Cotinin als Stoffwechselprodukt des Nikotin eigne sich besonders als Maßeinheit für den Tabakkonsum und ermögliche vor allem durch eine einfache Untersuchung des Urins eine Aussage über das Rauchverhalten. Auch im "Kindspech", dem ersten nach Geburt ausgeschiedenen Darminhalt des Neugeborenen, lasse es sich nachweisen. Untersuchungen an 300 Neugeborenen hätten bewiesen, dass sich durch die Höhe der Cotinin-Konzentration im "Kindspech" gesundheitliche Probleme des Säuglings im ersten Jahr deutlich besser voraussagen ließen, als dies durch Angaben der Eltern zum Rauchverhalten in der Schwangerschaft möglich sei.
Zwar existierten bereits Untersuchungsmethoden zur Messung des Nikotins und seiner Abbauprodukte, doch seien diese apparativ aufwändig, teuer, zeitintensiv, teilweise unzuverlässig und nicht dezentral durchzuführen.
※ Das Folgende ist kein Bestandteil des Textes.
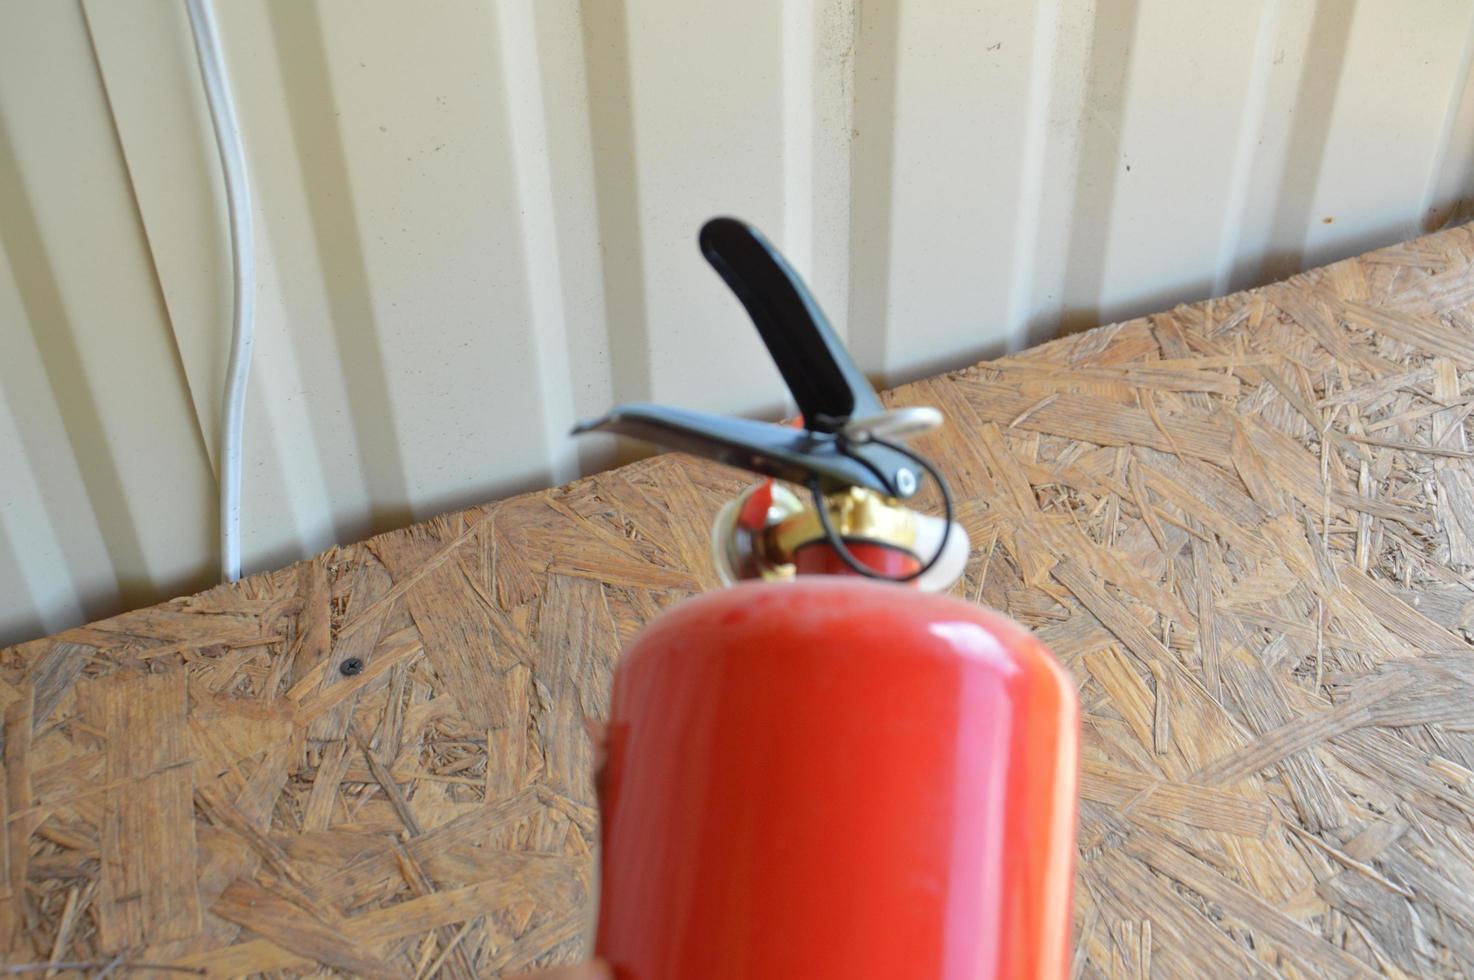 draagbare brandblusser om huis en interieur te beschermen tegen brand foto

Das Gegenteil sei bei dem neuen Schnelltest der Fall, der wie ein Cholesterin-Test in Apotheken von den Schwangeren selbst, aber auch von Ärzten und Hebammen eingesetzt werden könne. So könne Frauen in den ersten drei Schwangerschaftsmonaten durch eine Cotinin-Messung gezeigt werden, wie stark ihr Kind durch das mütterliche Aktiv- und Passivrauchen gefährdet sei. Das wirke sicher besser als Appelle, die gerade bei starker Tabakgewöhnung nur selten auf fruchtbaren Boden fielen, so Nüßlein. Wenn der Zigarettenkonsum aber frühzeitig in der Schwangerschaft eingestellt werde, könnte nicht nur das Risiko des plötzlichen Kindstods verringert werden. Es könnten auch durch fortgesetztes Rauchen bewirkte Fehlentwicklungen des Ungeborenen - wie eine unterentwickelte Lunge - unter Umständen vermieden werden.
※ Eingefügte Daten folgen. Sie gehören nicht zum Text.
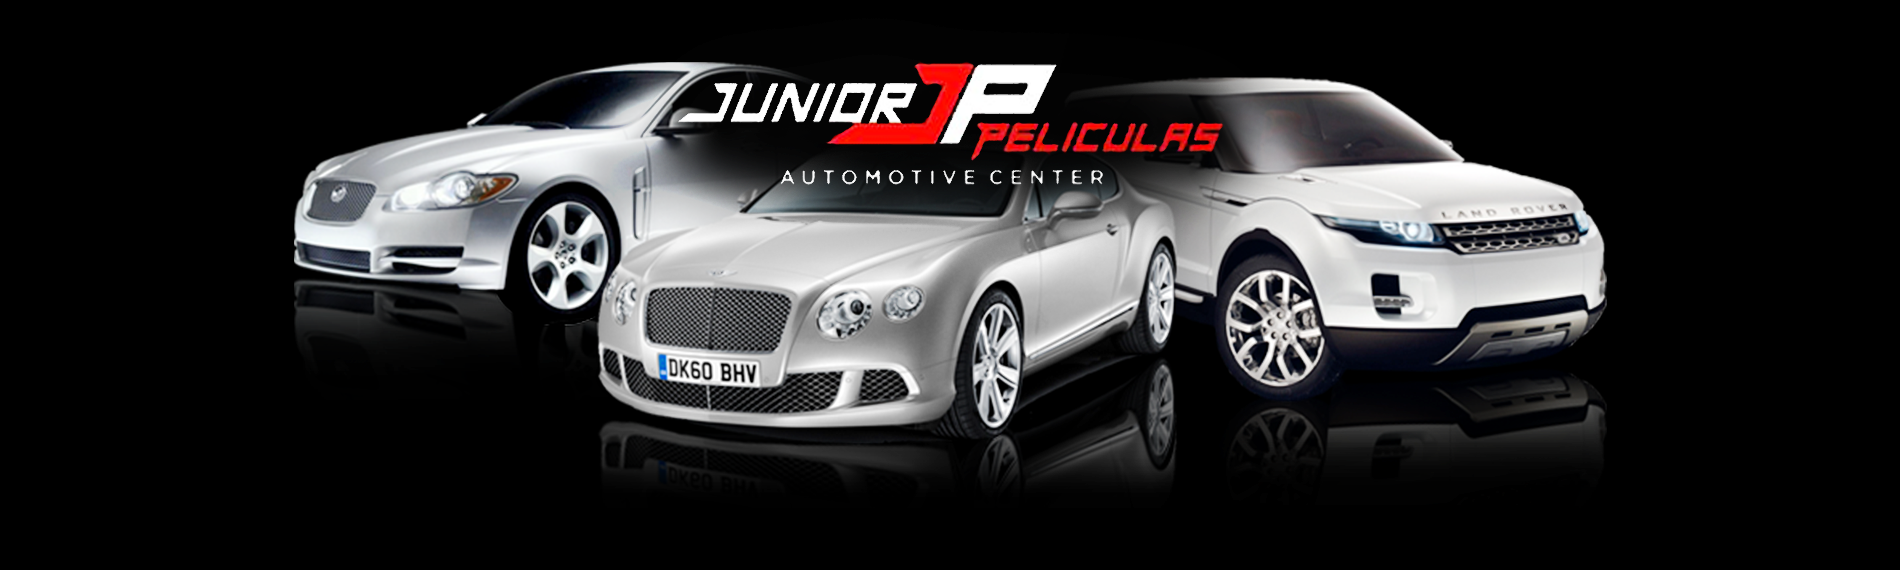 banner da empresa Júnior Películas Automotive Center

Durch das Feststellen hoher Cotininwerte direkt nach der Geburt könnten Säuglinge als Risikoneugeborene eingestuft und Vorsorgemaßnahmen wie eine Monitorbeobachtung im ersten Lebensjahr eingeleitet werden. Die Mehrheit der Fälle von plötzlichem Kindstod träten in den ersten sechs Lebensmonaten auf. Nüßlein: "Mit guten Worten ist es nicht getan. Nur durch einen Test mit handfesten Ergebnissen wird es uns gelingen, das Risiko von Neugeborenen zu verringern, am plötzlichen Kindstod zu sterben."